Попросил гость исподволь подробнее разузнать о ходах, а затем посоветовал самое главное: пускать по ветру хозяйство, записываться в колхоз и звать за собой всех кохановских богатеев. Но чтоб через два-три года в колхозе не осталось ни одной лошади, ни одной пары быков. Урожай сжигать на корню и в скирдах. Нужен голод. Нужен мужичий бунт. Тогда придет на помощь заграница. Войска украинской национальной рады наготове. Трифон в этих войсках ходит в чине полковника.
Оляна смотрела гостю в самую душу. Проговорился он, что Трифон заболел чахоткой. Почувствовала — и еще чего-то недоговаривает; не помогал ему и грозный ум в глазах — отводил их под ее пытливым и чутким взглядом. К утру гость захмелел от выпитой самогонки, пустил слезу, со злобой заговорил о том, что трудно украинцам на чужбине. Много черной зависти среди них, звериной лютости, беспощадности друг к другу. Грызутся как пауки в банке. И это на глазах у поляков… А откуда полякам знать, что настоящий характер Украины совсем не такой? Вот и получается, что из-за выродков добрые люди холодными глазами смотрят на украинский народ.
Потом грузно поднялся, подошел к ней и, дохнув в лицо тяжелым самогонным духом, грубо облапил, потянул к кровати.
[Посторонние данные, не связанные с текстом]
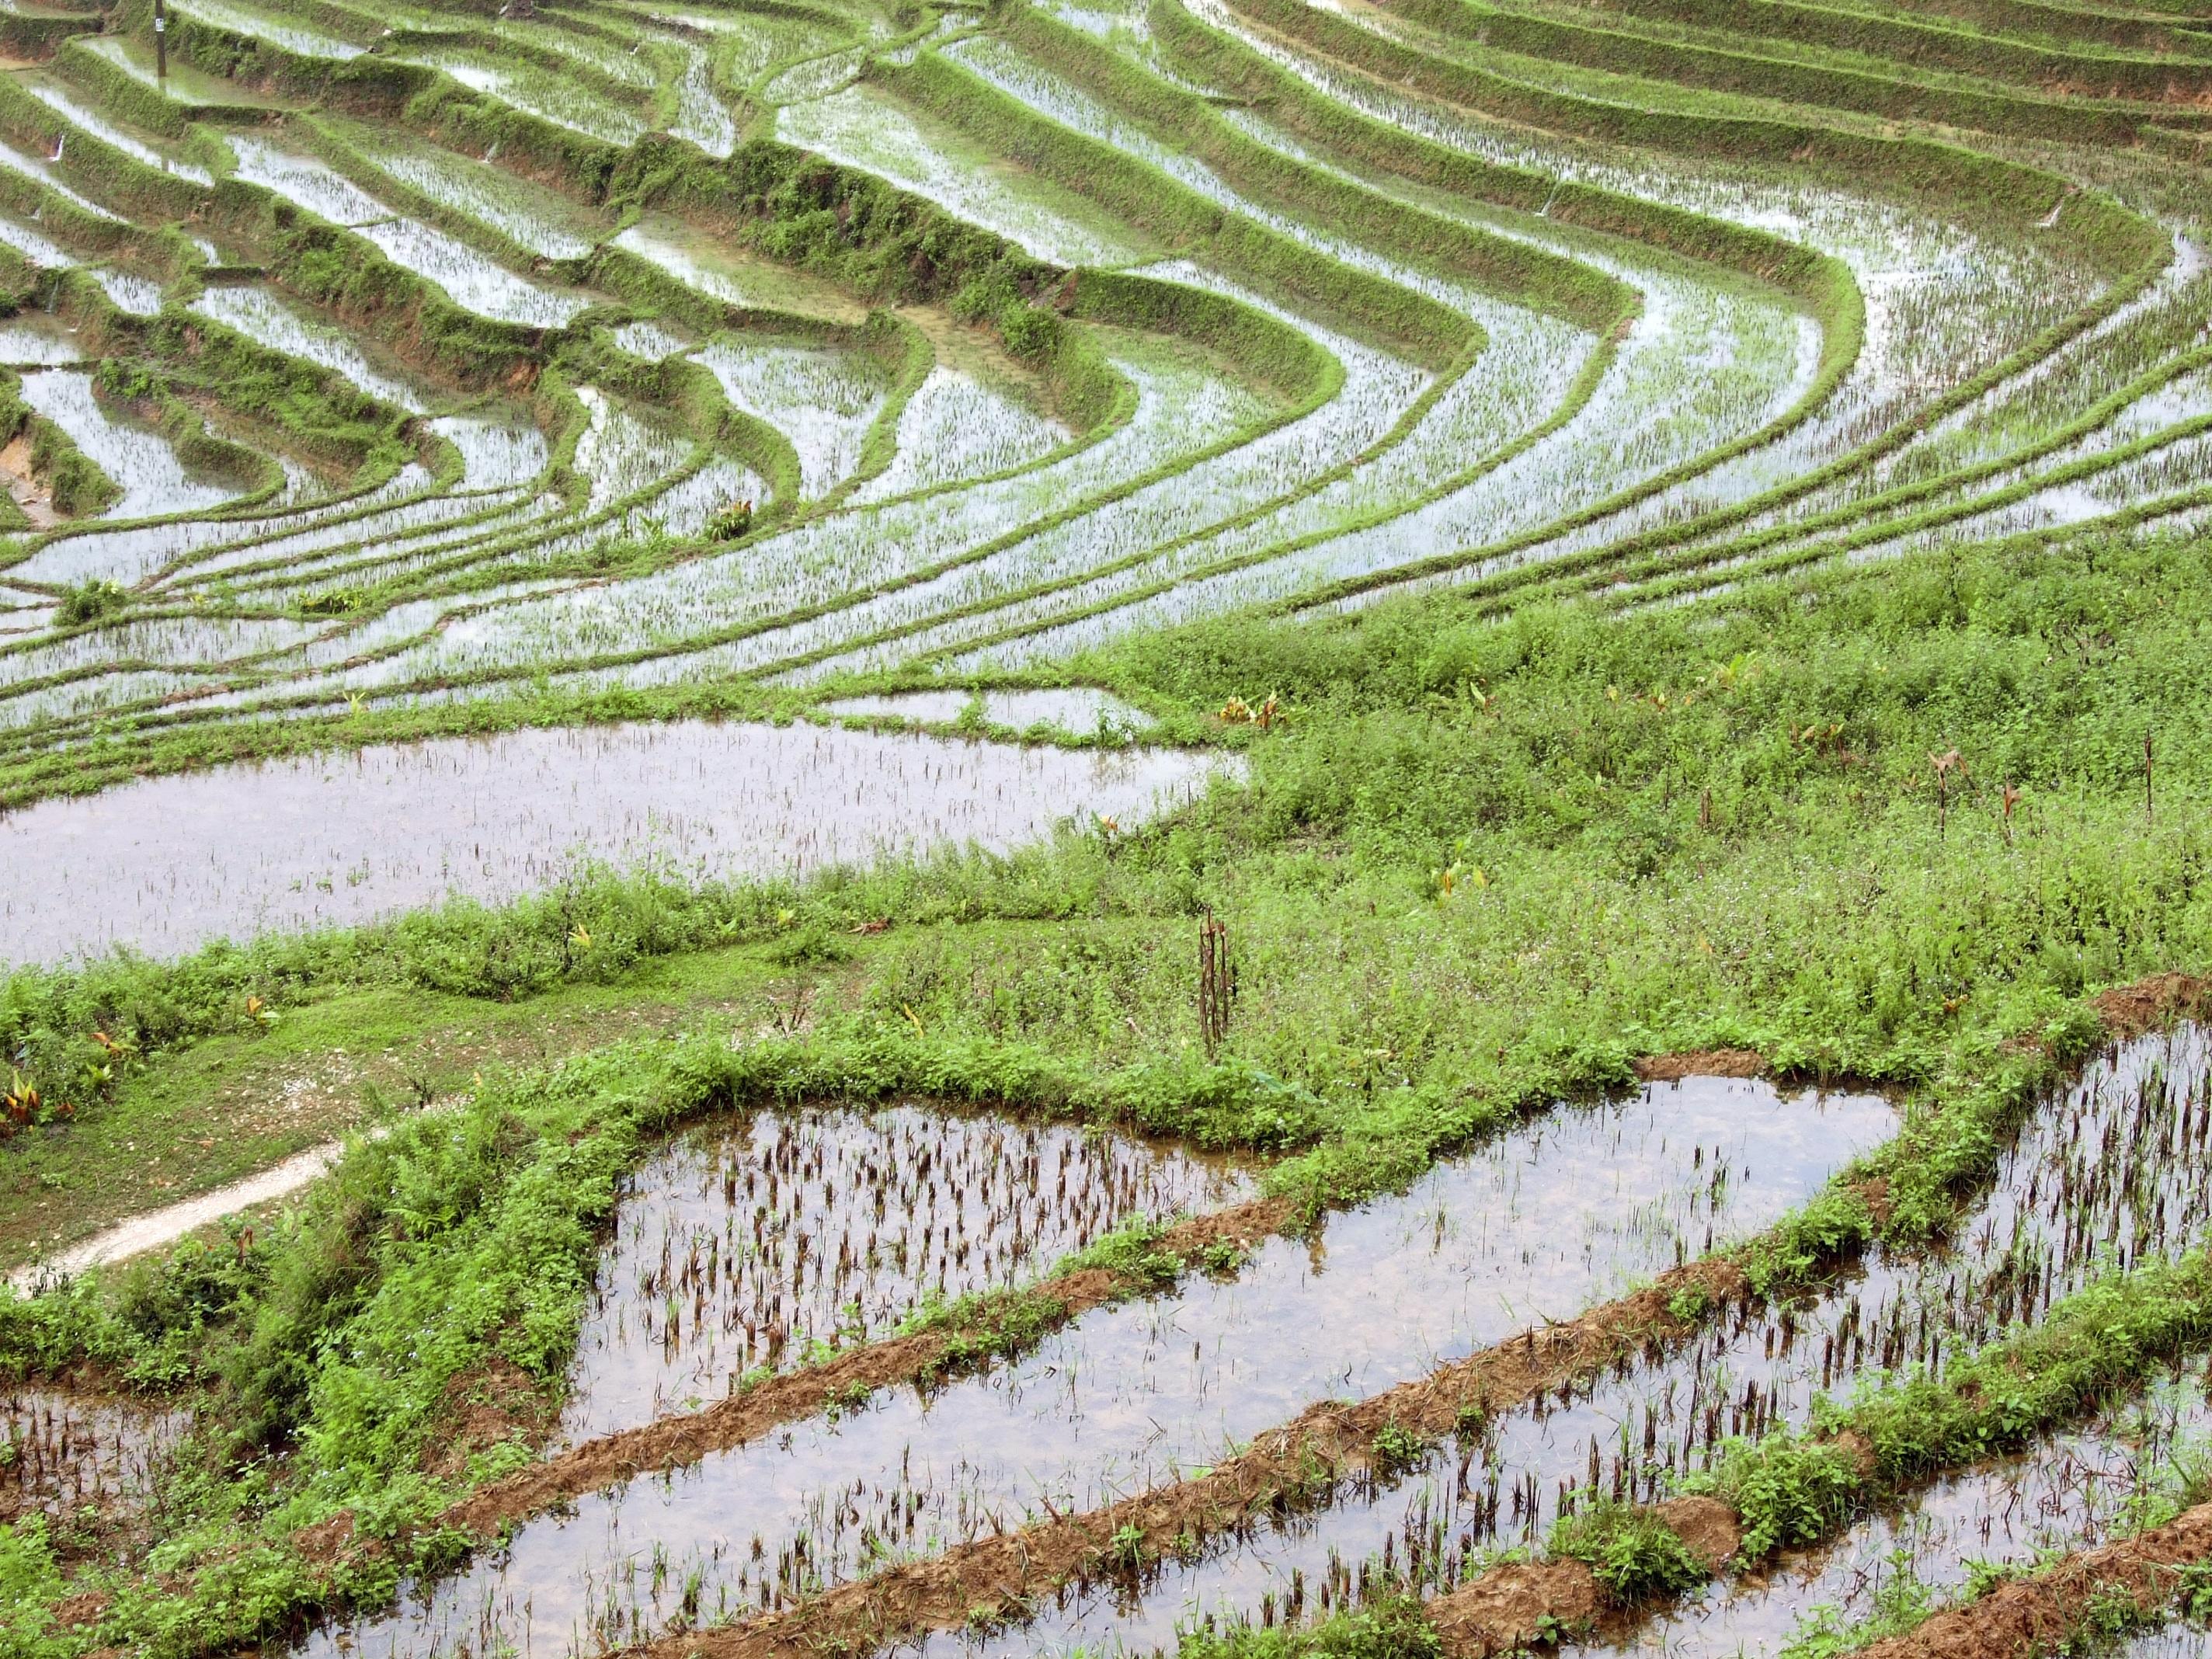 Fotos Gratis Paisaje Viajar Cultivo Suelo Asia

Она беспомощно отталкивала его, а он горячо шептал на ухо, чтоб плюнула на Трифона и не ждала, ибо он не лучше других, да и не жилец на белом свете. Сказал, что и золото, которое она передала Трифону, пошло дымом в варшавских и краковских ресторанах.
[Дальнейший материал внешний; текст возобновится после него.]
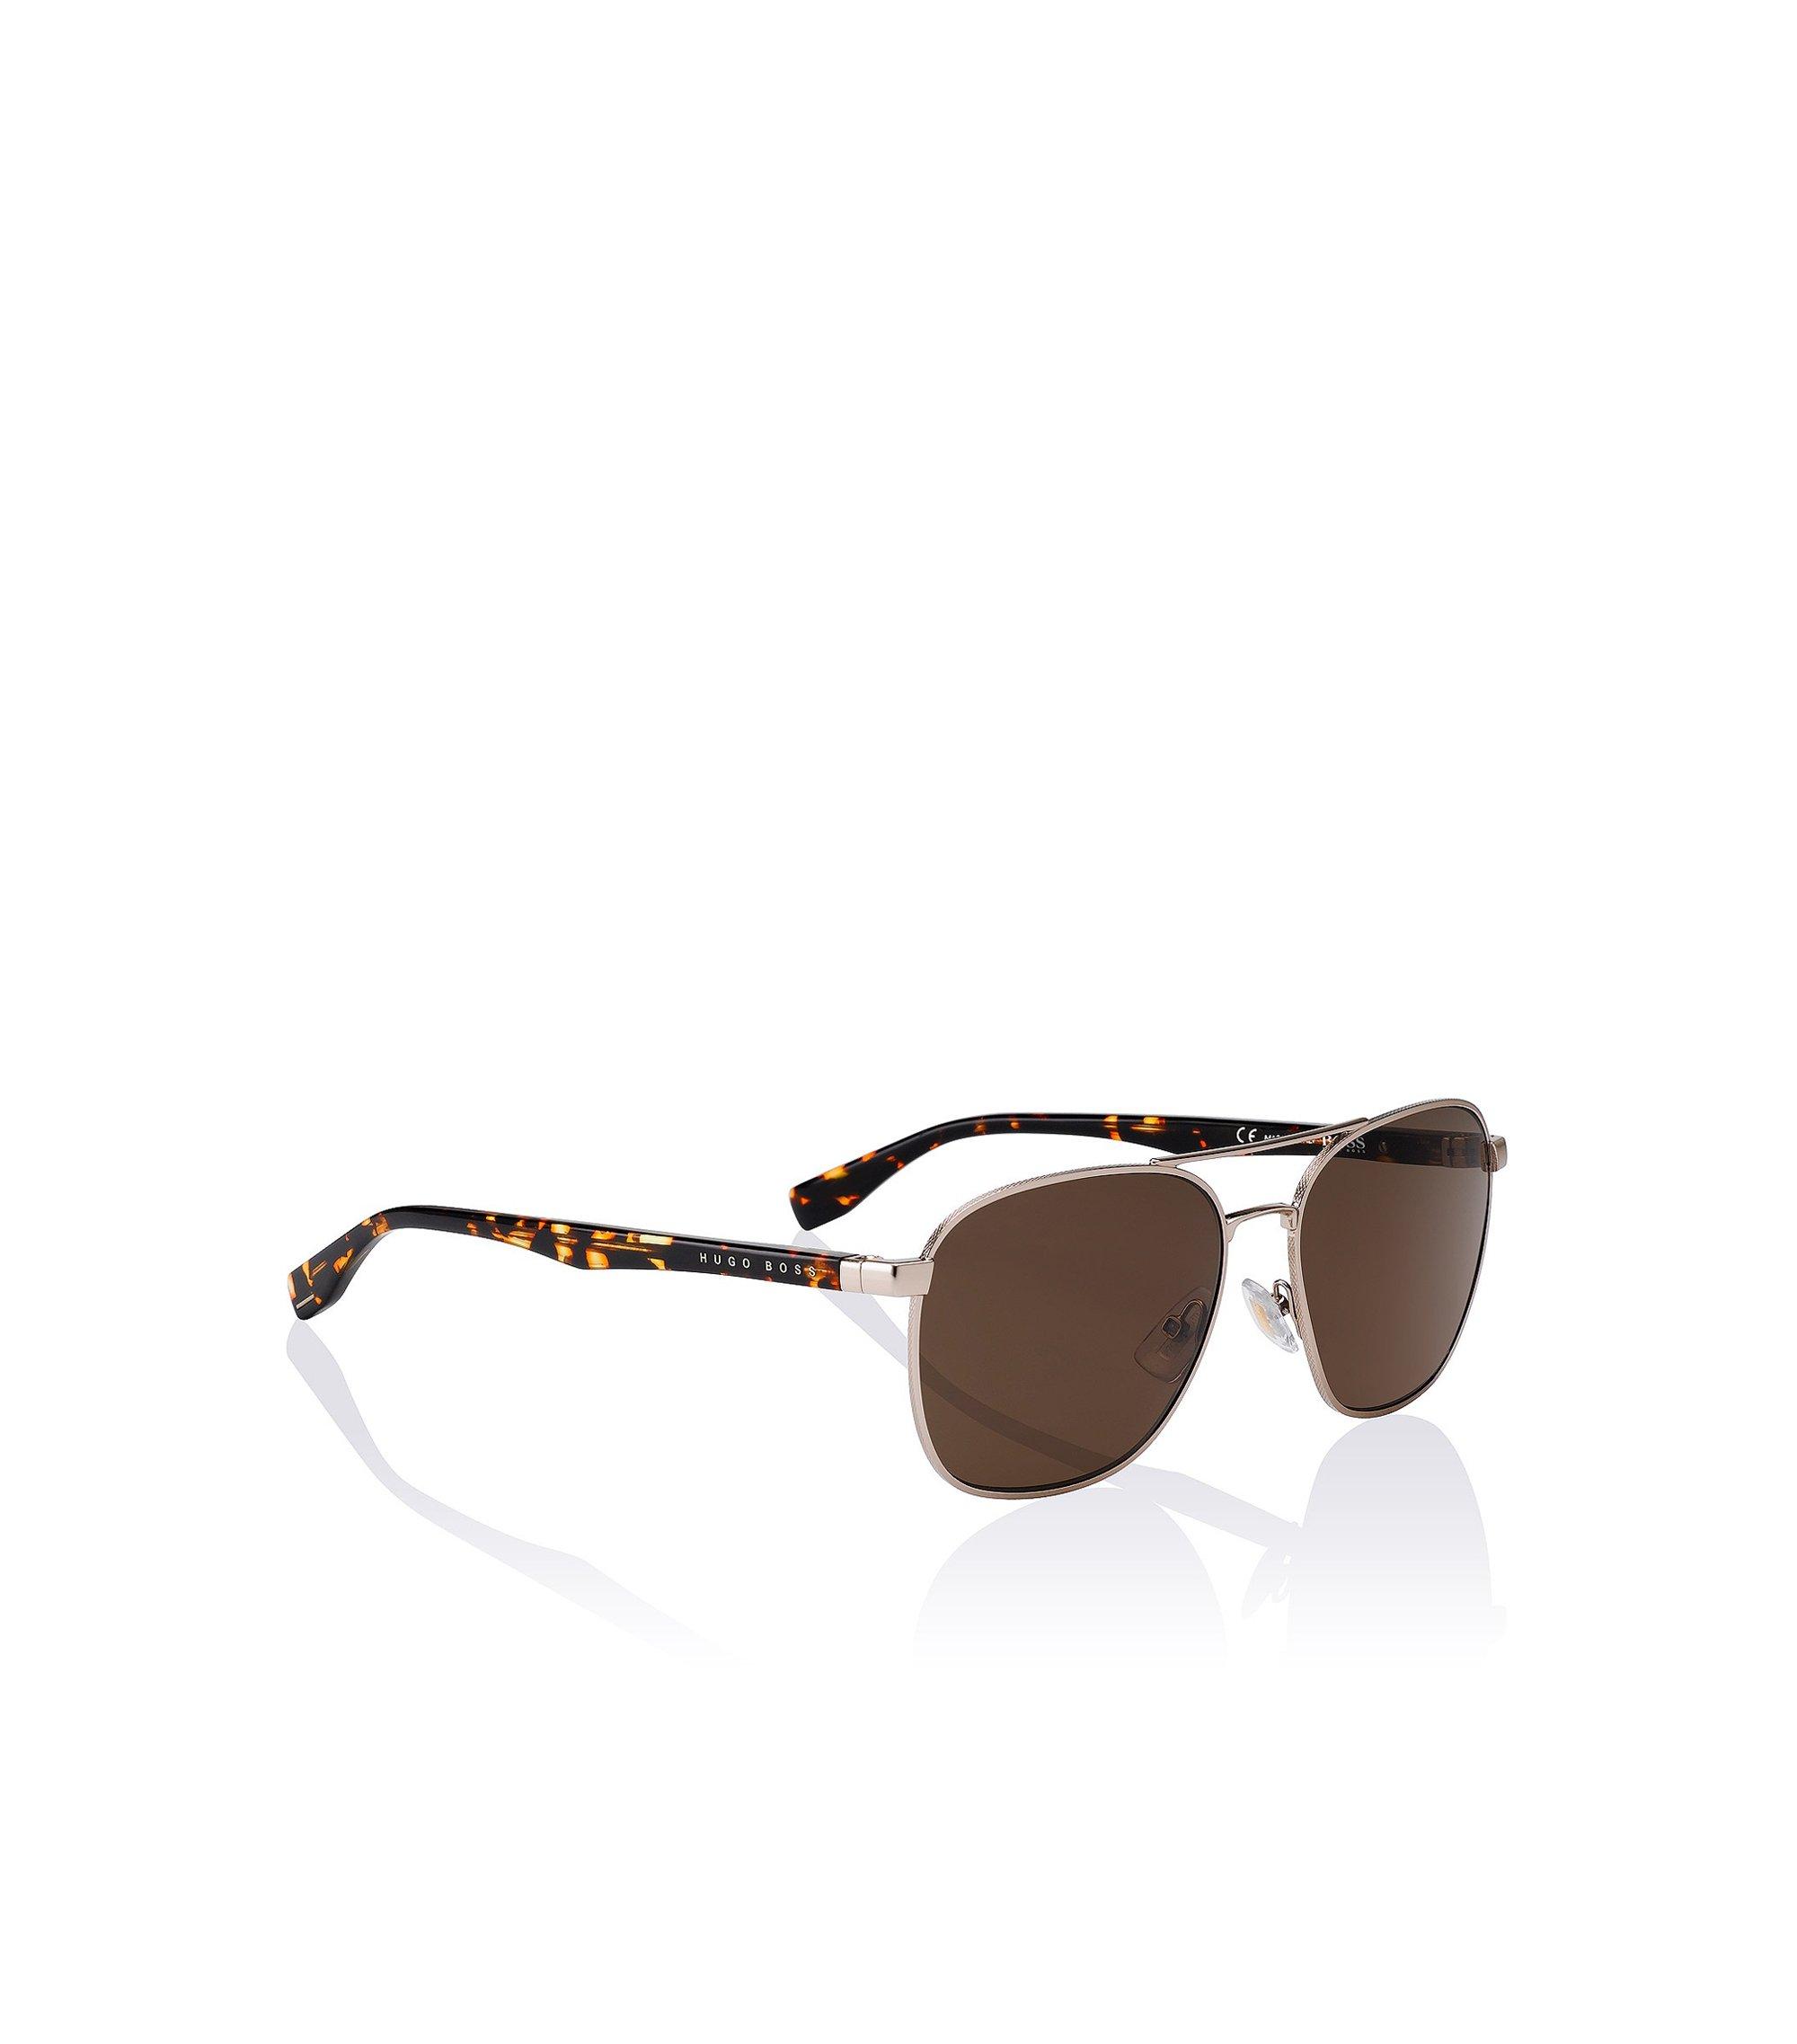 Brown Lens Navigator Sunglasses | BOSS 0701S, Assorted-Pre-Pack

С тех пор лишилась Оляна покоя. Как никогда, почувствовала себя одинокой, почувствовала жалость к своей серой судьбе. А ведь когда-то думала, что счастье — в богатстве. И вот она купается в нем, а счастья нет… Если б взгляд оставлял следы… Сколько смотрела с мольбой на строгую икону во влажных бликах лампадки, сколько выстояла перед ней на коленях и отвесила поклонов! Краска сошла на полу в том месте… И душа Оляны истончилась, обмелела. Не принесло богатство счастья. А вокруг плещется оно…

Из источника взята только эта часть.